Shopify is one company who has actually taken the bold step of making their GraphQL API public. Although it’s still in beta, the GraphQL implementation offers a powerful way for third-party developers to integrate with the e-commerce platform while maximizing performance. They’ve made use of GraphiQL, an in-browser IDE, to offer a GraphQL API explorer that can be used to test and validate calls.
Internally, Shopify began their GraphQL journey while developing a new version of their mobile app in 2016. Their primary motivations, like many adopters of GraphQL, were reducing the number of round-trips to the server and customizing the data they received.
Since Shopify’s back end is a Rails monolith, they adopted GraphQL Ruby to implement it, and wrote some custom abstractions on top to suit their specific needs. One of the biggest issues they faced was the “n+1 problem”. They go into great detail about the problem and their solution here, but the basic premise is that queries for nested data will make separate calls to the DB for each top-level resource being requested. To solve this, they wrote a batching solution as a Ruby gem.
Since third-party access has been top of mind while implementing a GraphQL API at Shopify, they’ve prioritized developer experience and use a bot to track breaking changes to the schema. The team has also established strict permissions across type definitions to prevent unwanted access to resources and set a timeout limit to handle extremely complex queries that could bog down their servers.
According to Nick Rockwell, CTO of The New York Times, the decision to adopt GraphQL was a pretty easy one. Initially, the engineers there wanted to avoid rewriting HTTP clients for their multitude of products and have “one place to add and retrieve data and one way to authenticate against it”. They also sought to generally simplify the applications for existing engineers and especially new hires.
After starting out on Relay, the team switched to Apollo due to its first-class support for server-side rendering, larger ecosystem and open source community, prefetching, and more. They’ve also made heavy use of Facebook’s DataLoader utility to handle batch requests and caching.
One of the major challenges The New York Times has faced with their GraphQL implementation is handling changes to the schema. In a perfect world, this would happen in one place and changes could be propagated down with some kind of automation. The current reality is that changes typically need to be made in several places: the GraphQL schema, the back end schema, and potentially the UI. As the engineering team moves forward with GraphQL, this is a pain point they hope to eliminate.

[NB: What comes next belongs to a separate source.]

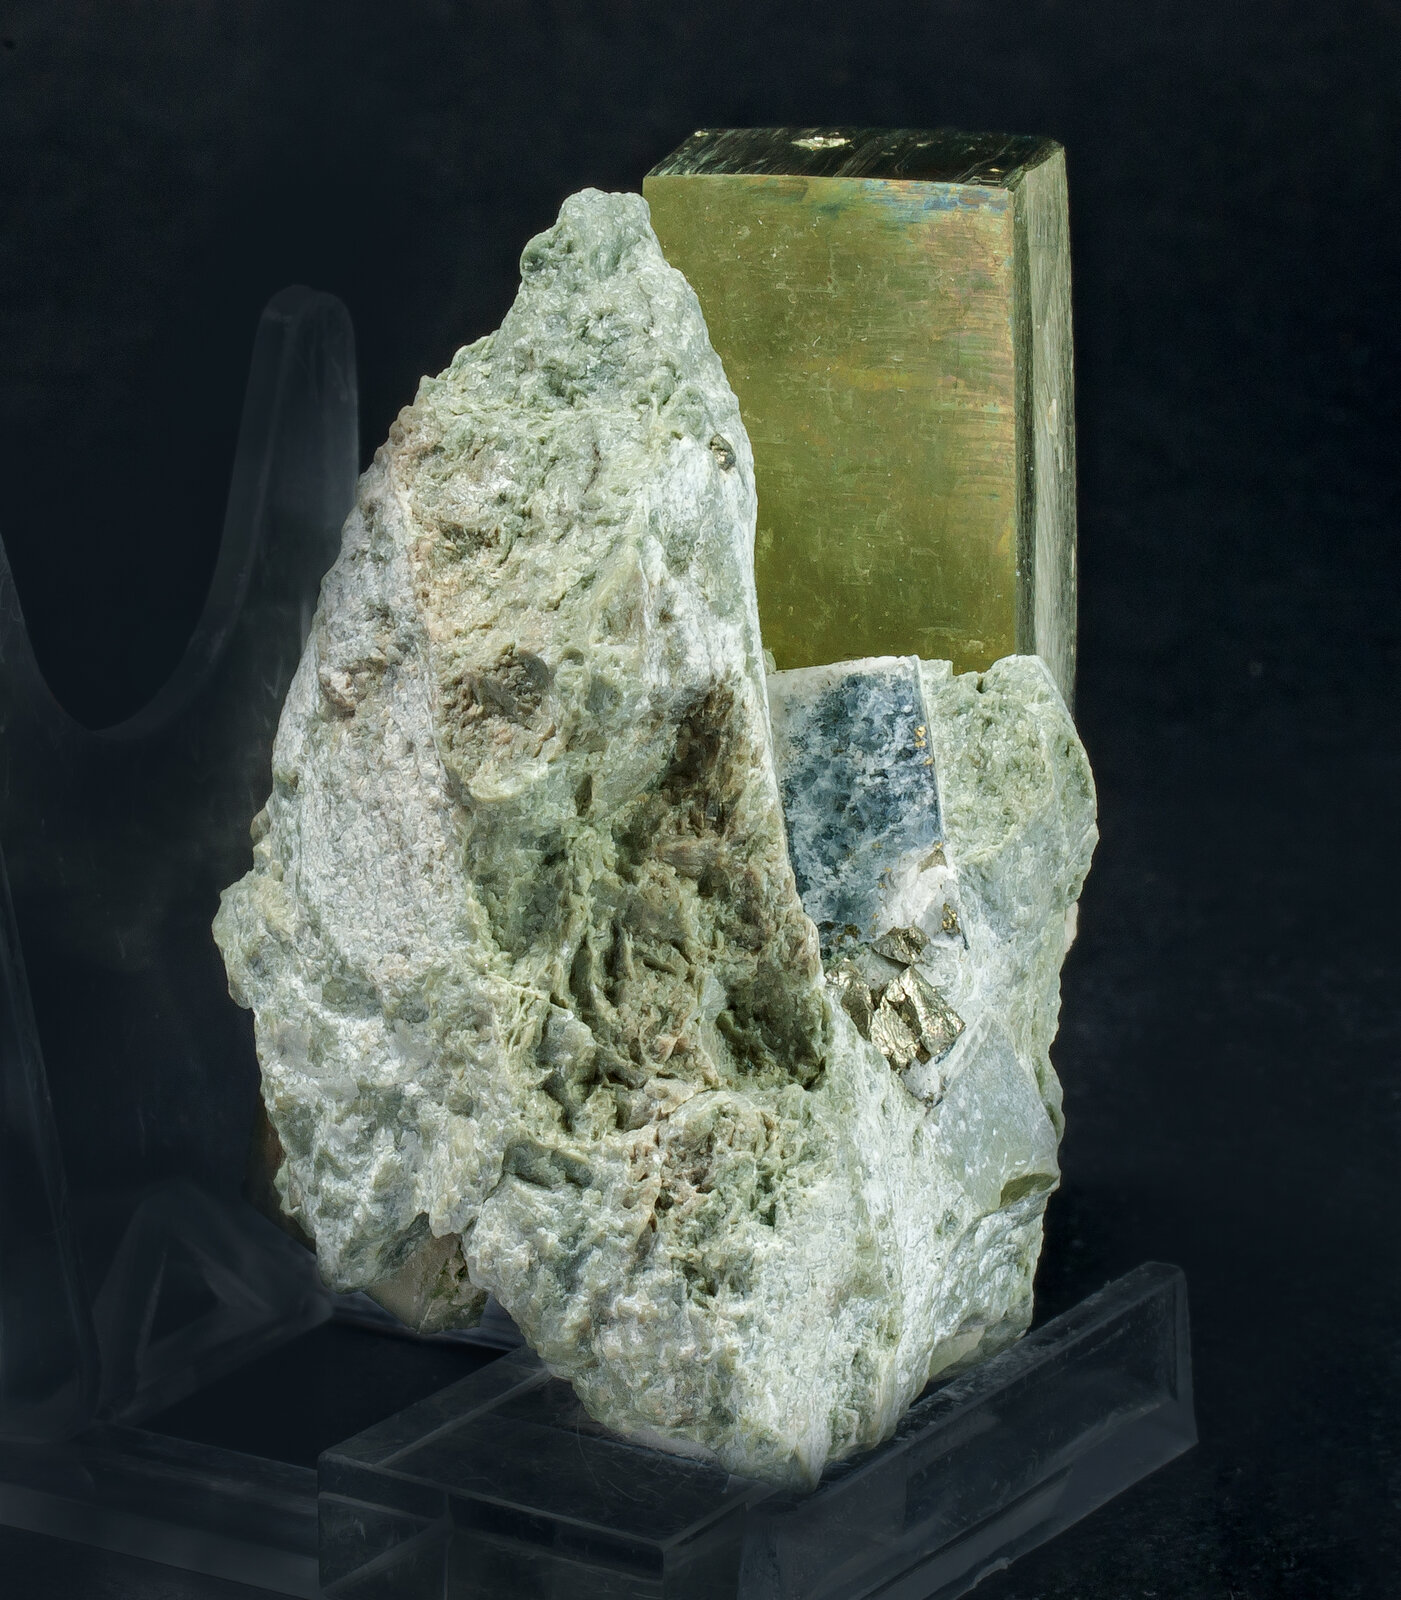 specimens/s_imagesAO5/Pyrite-NEA97AO5s2.jpg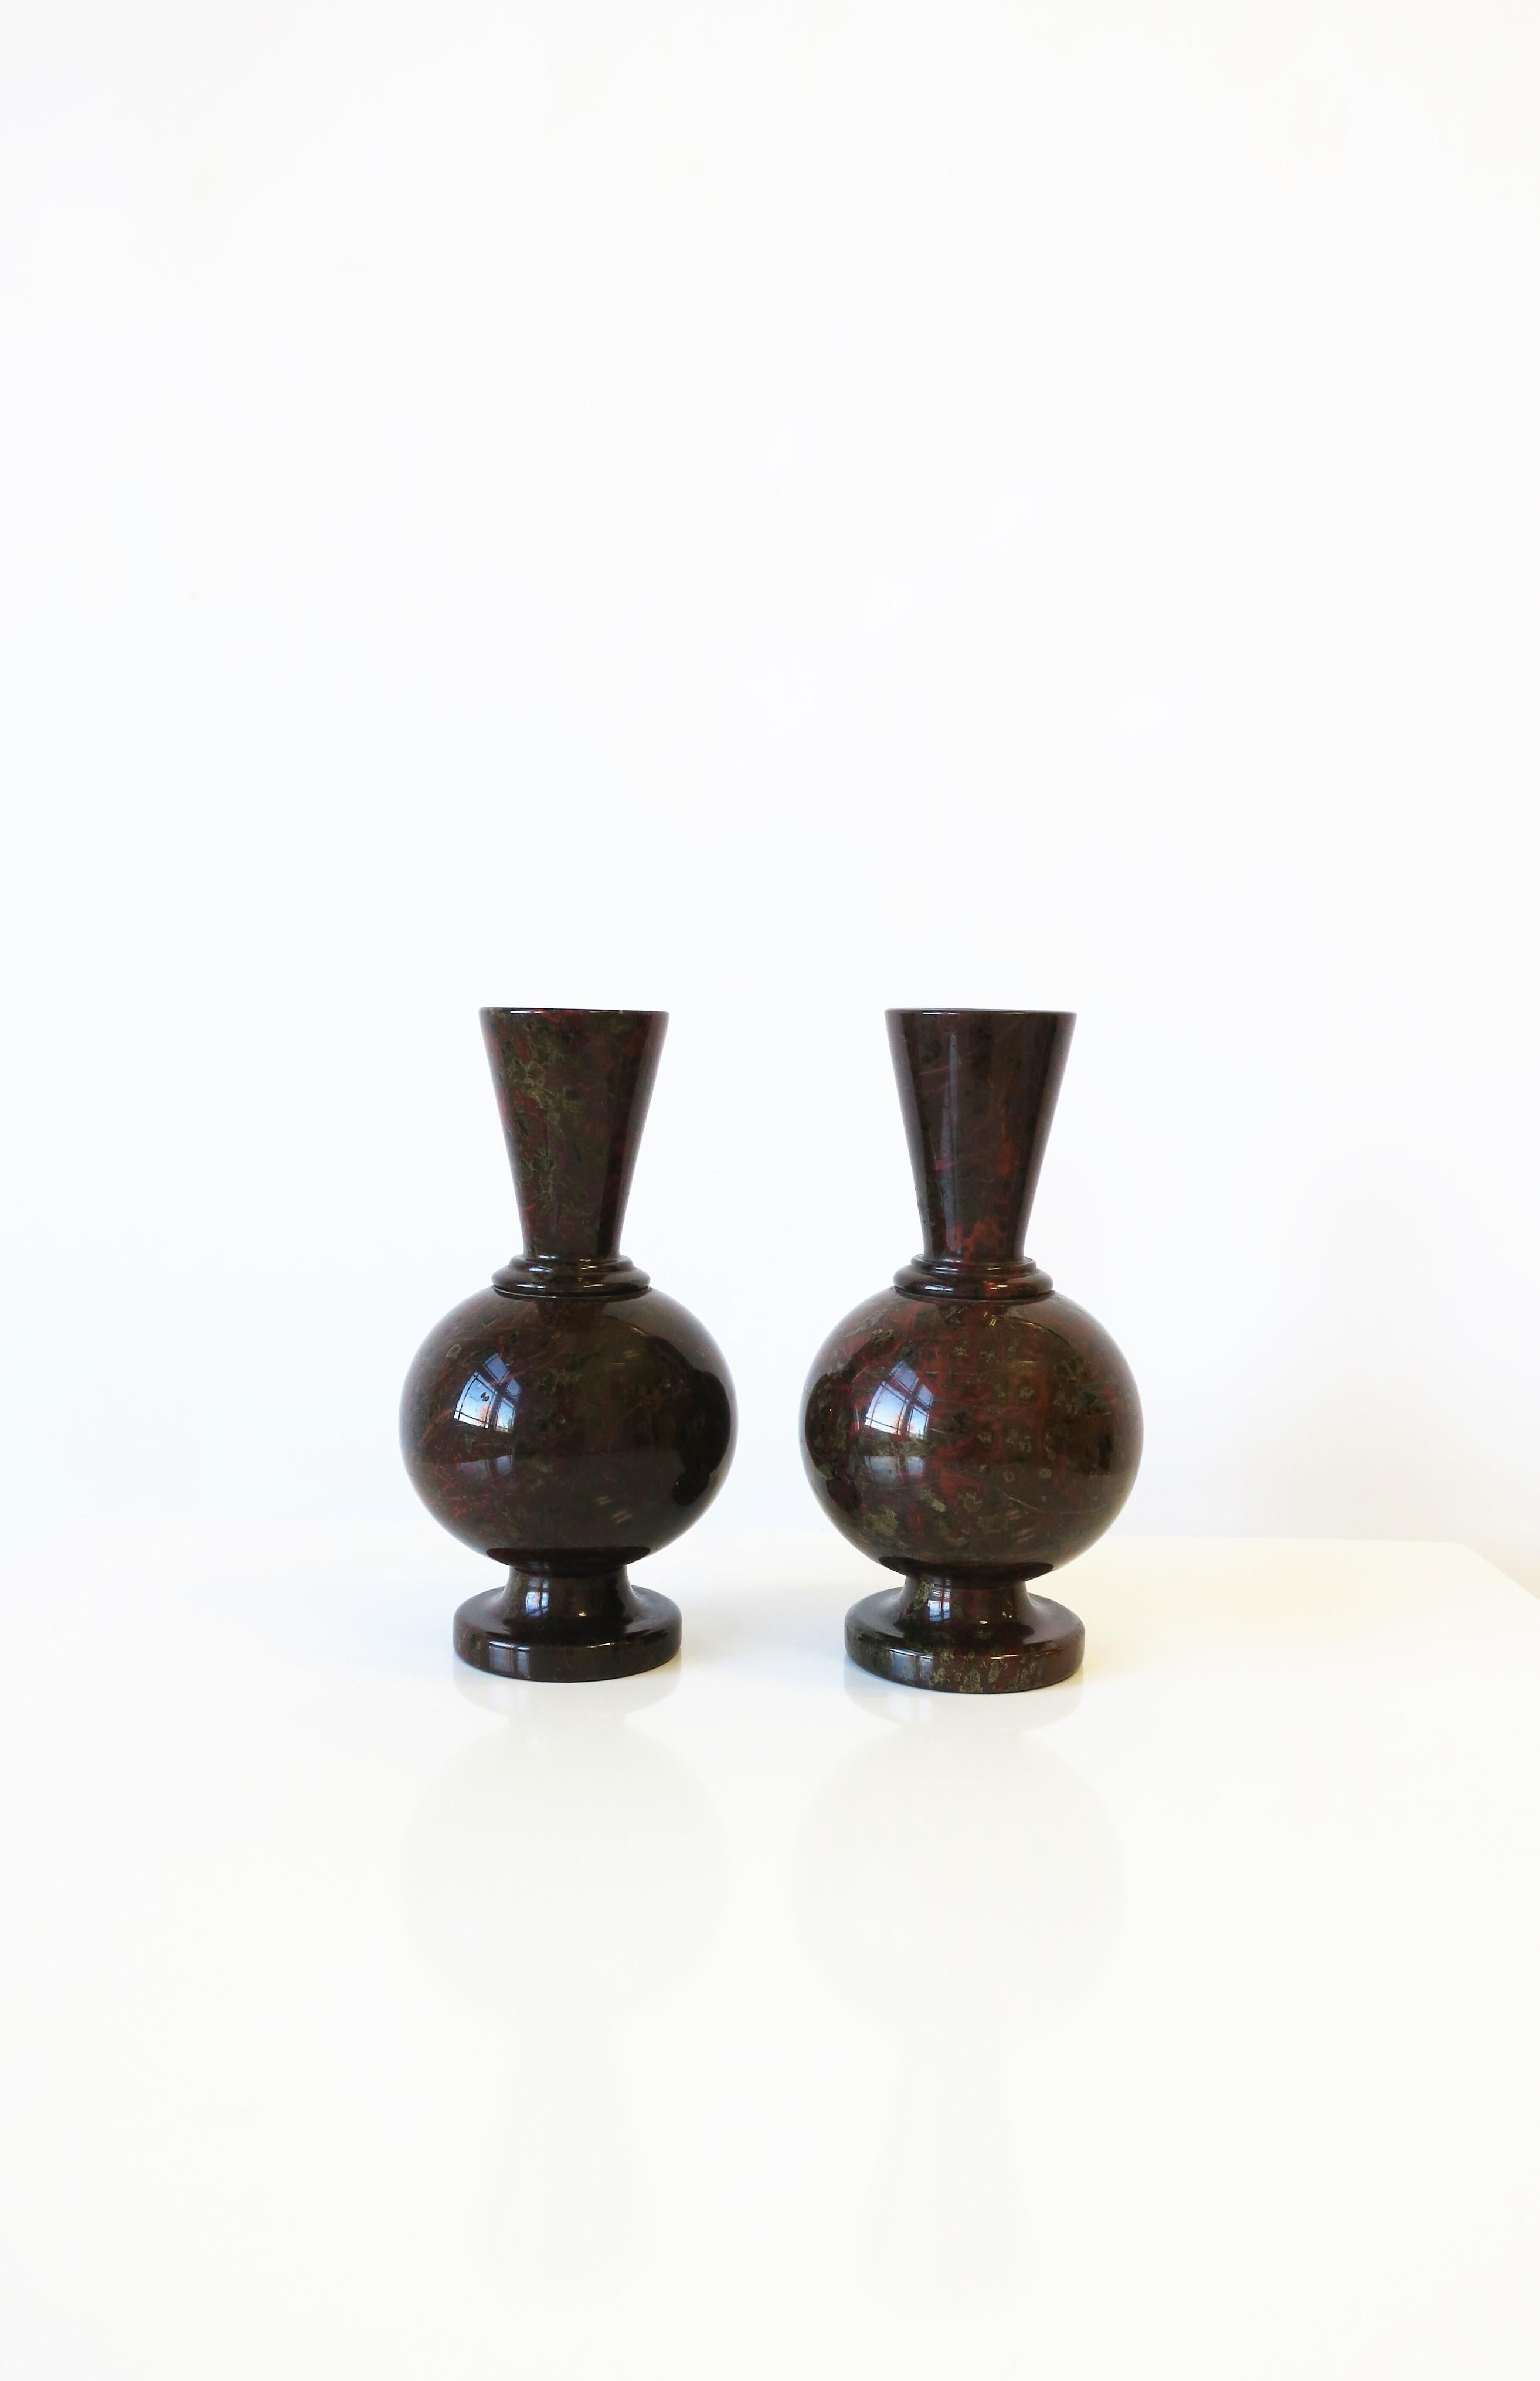 Ein wunderschönes, reichhaltiges Paar französischer Marmorsteinvasen im Art Déco-Stil, frühes 20. Jahrhundert, Frankreich. Marmor ist überwiegend ein dunkles Espressobraun mit ziegelroten, hellbraunen und grünen Farbtönen, glatt poliert. Jede Vase

For more on The New York Times use of GraphQL and the rest of their stack, take a look at our recent interview with their CTO.
If you’re not familiar, Artsy is an online art marketplace with a killer engineering blog. They’re also very big on GraphQL. Just a few months ago, they posted an article stating that “the future looks a lot like GraphQL”, and in 5 years, “REST API design will be obsolete.”
Most non-legacy code for their web and mobile apps communicates with a GraphQL server built in Node.js and Express. This server provides a single API endpoint for the client and forwards requests to the core API.
For two years after introducing GraphQL, Artsy kept the implementation read-only due to the fact that its main use was consolidating multiple APIs. More recently, they’ve begun to support mutations via Relay.
On the mobile side of things, GraphQL has allowed Artsy to build faster mobile apps and deliver a better in-app experience for their users. It’s also lessened their need for view models. Their decision to move from Swift to React Native was heavily influenced by the desire to use GraphQL.
If you’re interested in seeing what this looks like in practice, the Artsy team has open sourced their GraphQL server.
Two years ago, a tiny social media startup called Twitter, started experimenting with GraphQL. They’ve rolled it out slowly across their services, starting with TweetDeck, then onto Twitter Lite, and most recently to their Android and iOS apps.
One of the challenges they’ve faced while implementing GraphQL is monitoring. With a standard REST API, you have nice HTTP status codes that reflect the success of your request. However, with GraphQL, requests can be partially successful, and you almost always get back a 200 status code regardless of the data returned. To solve this, they track the number of exceptions per query.
Like Shopify, Twitter has also had to safeguard against extremely expensive queries. To do this, they assign a complexity score to each field and calculate the cost before execution. They also set a limit on the depth of the query.
Beyond standard API calls, Twitter is also using GraphQL to allow clients to subscribe to events. The engineers there built a service that enables GraphQL clients to stream data flowing through their massive pub/sub framework. They made use of their existing streaming HTTP system, which allowed su#bscriptions to “topics”. The GraphQL implementation creates unique topics for each subscription requested by the client.
Twitter, like many other companies, is generally excited about the new possibilities that GraphQL opens and the new ways of thinking it enables.
Yelp is another high-profile company who has launched a public GraphQL API. Exposing their data in this way made a lot of sense for them and probably would for many other companies. When you’re building an API for external users, you may have some ideas about how they’ll use it, but they may end up using the data in completely unexpected ways in practice.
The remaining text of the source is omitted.